Exercise »
I need the lines below from the one with "Adidas Versatile Swim Shorts. 5" down to the one with "DJ Lamiez Holworthy" reproduced exactly, both ends included, and nothing else.

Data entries
_ _ _ _ _ _ _

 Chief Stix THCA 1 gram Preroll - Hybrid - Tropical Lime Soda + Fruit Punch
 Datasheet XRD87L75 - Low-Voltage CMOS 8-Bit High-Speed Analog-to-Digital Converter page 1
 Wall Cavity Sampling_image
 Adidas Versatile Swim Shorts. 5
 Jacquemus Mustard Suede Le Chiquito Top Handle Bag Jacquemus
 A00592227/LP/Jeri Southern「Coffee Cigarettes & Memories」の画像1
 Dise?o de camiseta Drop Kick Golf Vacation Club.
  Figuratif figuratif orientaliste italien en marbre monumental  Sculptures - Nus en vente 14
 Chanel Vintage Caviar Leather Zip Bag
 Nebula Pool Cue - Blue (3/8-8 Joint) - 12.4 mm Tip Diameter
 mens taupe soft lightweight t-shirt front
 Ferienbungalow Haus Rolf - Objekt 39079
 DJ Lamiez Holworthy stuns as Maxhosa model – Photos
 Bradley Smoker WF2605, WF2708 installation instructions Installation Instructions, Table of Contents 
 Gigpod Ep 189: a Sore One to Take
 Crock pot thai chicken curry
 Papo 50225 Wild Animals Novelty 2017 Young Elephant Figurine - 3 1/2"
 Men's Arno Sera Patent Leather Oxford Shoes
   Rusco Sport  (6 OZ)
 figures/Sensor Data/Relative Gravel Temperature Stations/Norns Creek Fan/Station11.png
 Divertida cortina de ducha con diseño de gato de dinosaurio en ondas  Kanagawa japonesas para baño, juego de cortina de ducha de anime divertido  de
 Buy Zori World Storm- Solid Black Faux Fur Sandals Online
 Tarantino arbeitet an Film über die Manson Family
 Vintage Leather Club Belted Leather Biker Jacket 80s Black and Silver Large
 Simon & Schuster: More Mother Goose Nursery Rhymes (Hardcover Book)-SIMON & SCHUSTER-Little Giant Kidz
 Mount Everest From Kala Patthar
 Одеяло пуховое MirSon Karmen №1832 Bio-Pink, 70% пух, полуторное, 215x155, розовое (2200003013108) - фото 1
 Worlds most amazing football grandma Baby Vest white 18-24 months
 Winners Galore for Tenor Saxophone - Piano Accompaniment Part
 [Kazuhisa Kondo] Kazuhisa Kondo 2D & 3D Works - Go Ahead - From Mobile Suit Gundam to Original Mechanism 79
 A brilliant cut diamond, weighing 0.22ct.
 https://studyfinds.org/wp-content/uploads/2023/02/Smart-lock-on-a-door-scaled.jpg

_ _ _ _ _ _ _

Written response »
 Adidas Versatile Swim Shorts. 5
 Jacquemus Mustard Suede Le Chiquito Top Handle Bag Jacquemus
 A00592227/LP/Jeri Southern「Coffee Cigarettes & Memories」の画像1
 Dise?o de camiseta Drop Kick Golf Vacation Club.
  Figuratif figuratif orientaliste italien en marbre monumental  Sculptures - Nus en vente 14
 Chanel Vintage Caviar Leather Zip Bag
 Nebula Pool Cue - Blue (3/8-8 Joint) - 12.4 mm Tip Diameter
 mens taupe soft lightweight t-shirt front
 Ferienbungalow Haus Rolf - Objekt 39079
 DJ Lamiez Holworthy stuns as Maxhosa model – Photos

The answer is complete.